Natural and Intuitive User Interfaces with Perceptual Computing Technologies
The ways we interface and interact with computing, communications, and entertainment devices are changing. A transition to natural and intuitive user interfaces promises to usher in a new class of exciting and immersive applications and user experiences.
by Achintya K. Bhowmik
HUMAN–COMPUTER interaction and user-interface paradigms have been undergoing a surge of innovation and rapid evolution in recent years. The human interface with computers has already been transformed over the past decades in a major way, with graphical user interfaces that employ a mouse as the input device replacing the old command line interfaces based on text inputs. Touch technology has coincided with many breakthrough advances in mobile-display technologies toward power-efficient, thin, and light devices with stunning visual performance.1 We are now witnessing the next interface evolution, with the advent of more natural user interfaces in which the user interacts with computing, communications, and entertainment devices using gesture, voice, and multi-modal inputs, as well as touch.
These new interface technologies and the ensuing applications present exciting oppor-tunities for the display technology and consumer-electronics industry at large.

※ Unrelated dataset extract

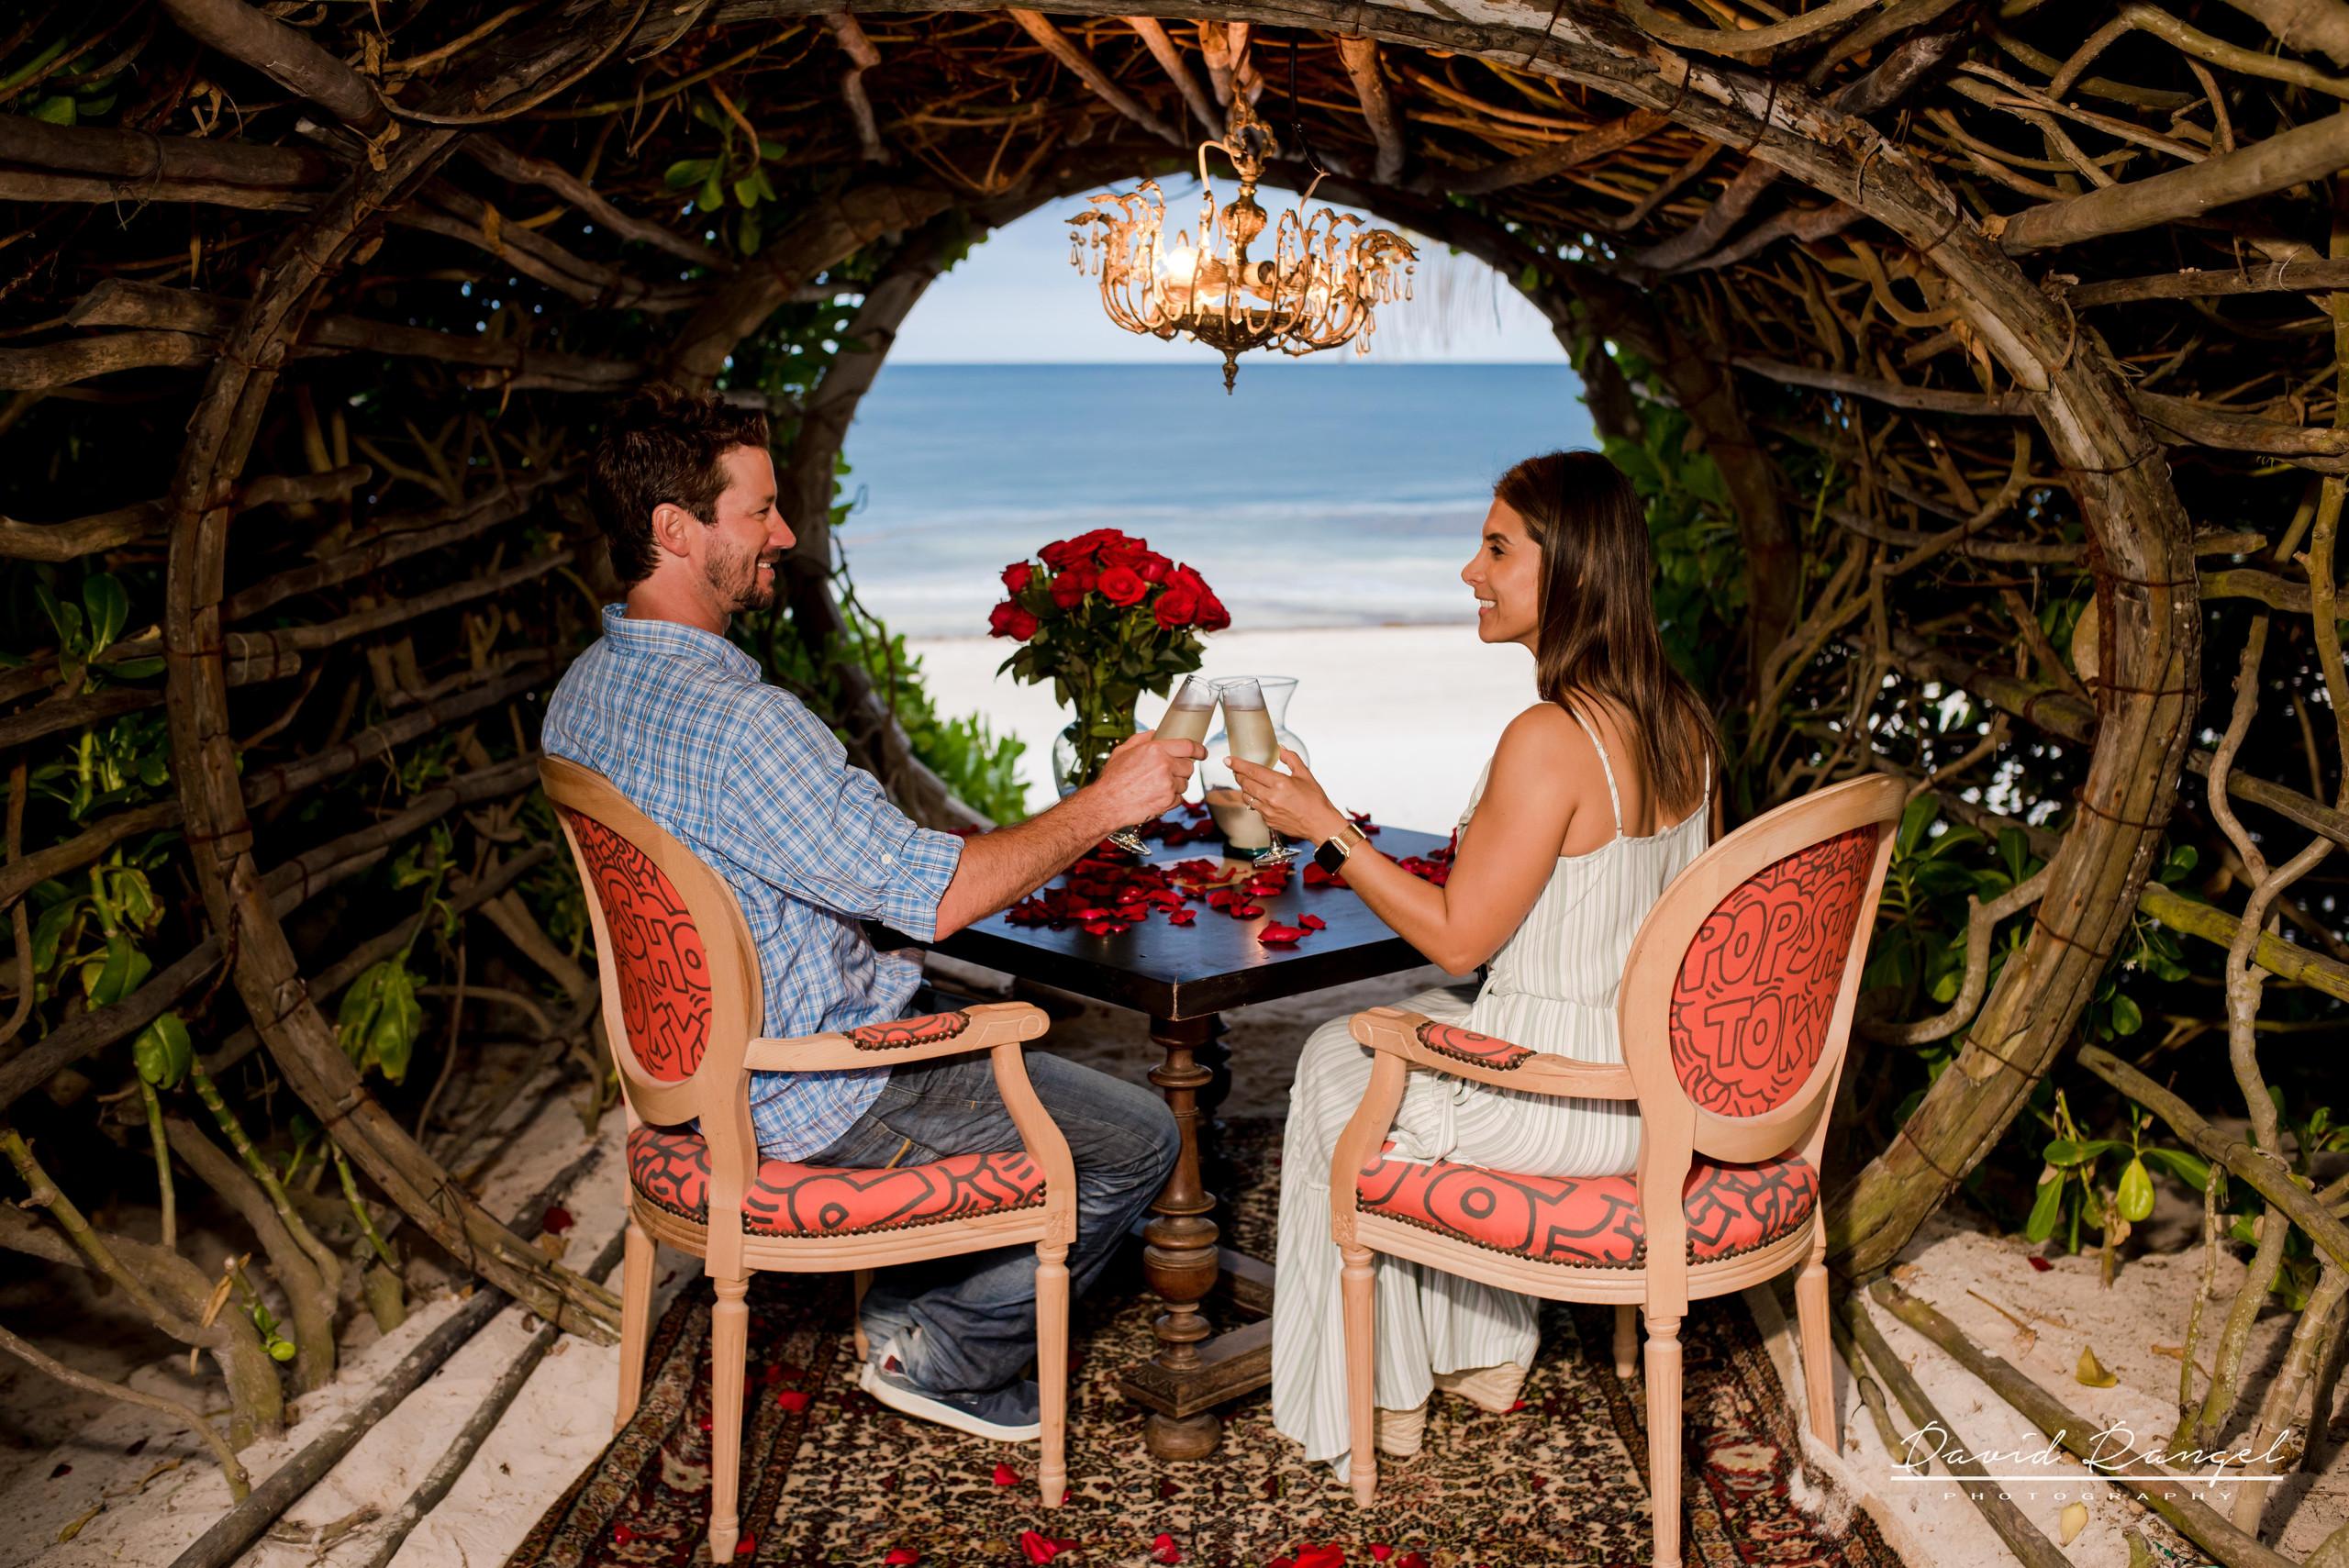 engagement+session+ring+sorprise+beach+vacations+casa+malca+hotel+pedida+de+mano+propuesta+de+matrimonio+pareja+amor+photo+boutique+romantic+dinner
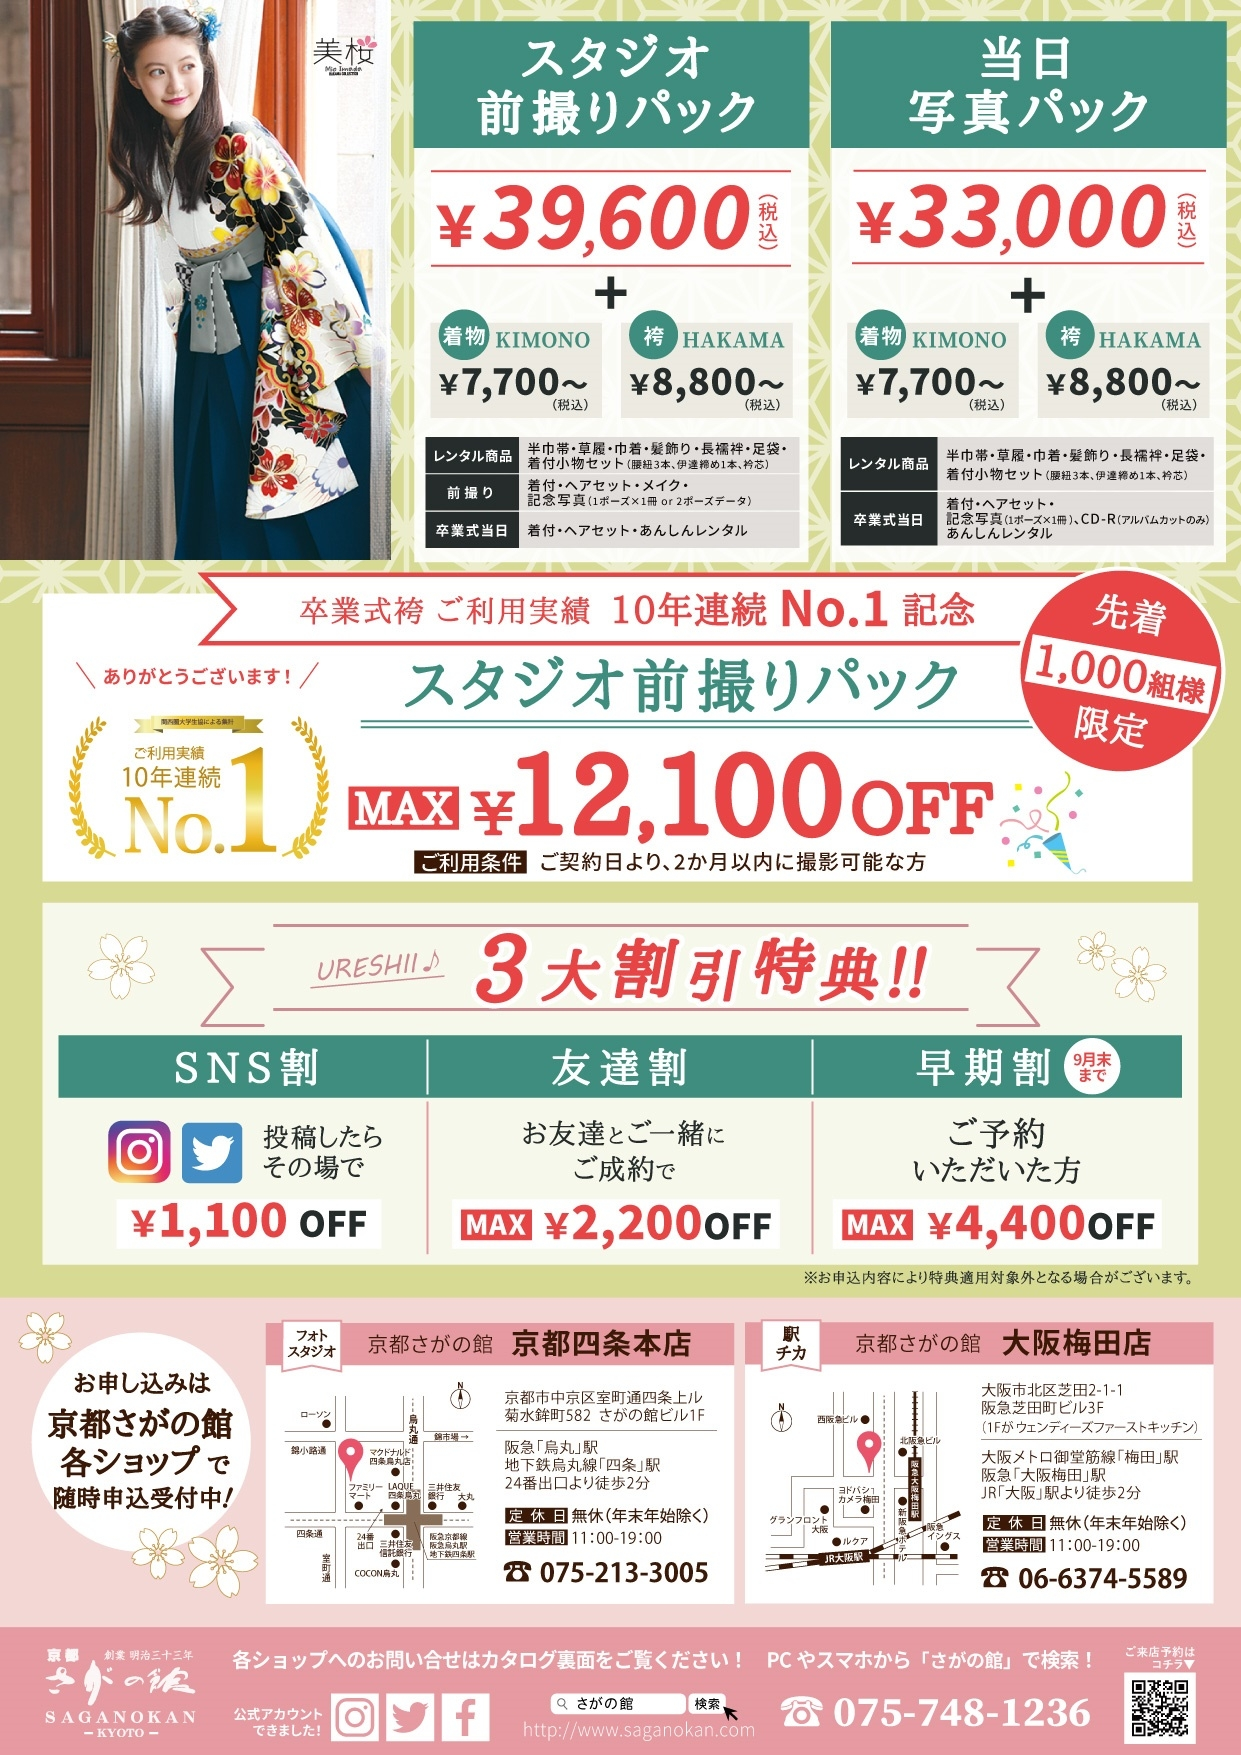 hakama202108-2.jpg

This article outlines the key technologies, recent developments, and trends toward realizing natural user interfaces and implementations of new interactive systems and applications.
Touch Inputs
The recent transformation of the display subsystem from a visual information device to an interactive one is largely due to the integration of touch sensing to the display module. With the capability of sensing contact locations on its surface, a display device morphs from a one-way interface device that merely shows visual content to a two-way interface device that also directly receives user inputs and thus enables interactive applications. It took decades of development after the first report of capacitive touch screens, by Johnson in 1965,2 for the technology and usage to go mainstream with consumers. Recently, touch-screen technology and its commercial deployment have been undergoing a phase of fast adoption and growth, thanks to the widespread proliferation of smartphones and tablets. Touch-enabled display screens are increasingly appearing in modern laptop computers, especially in the category of ultrabooks.
Let us take a quick look at the market size to gain appreciation for the footprint of touch-screen technology. The industry now ships well more than a billion units of touch screens per year. As shown in Fig. 1, the market for touch-screen technologies has grown at a rapid pace recently, both in terms of total units and revenues.3
Fig. 1: Overall touch-screen market growth from 2007 to 2012 is depicted by unit volume in a solid line on the left axis and revenues in dashed line on the right axis. Source: DisplaySearch.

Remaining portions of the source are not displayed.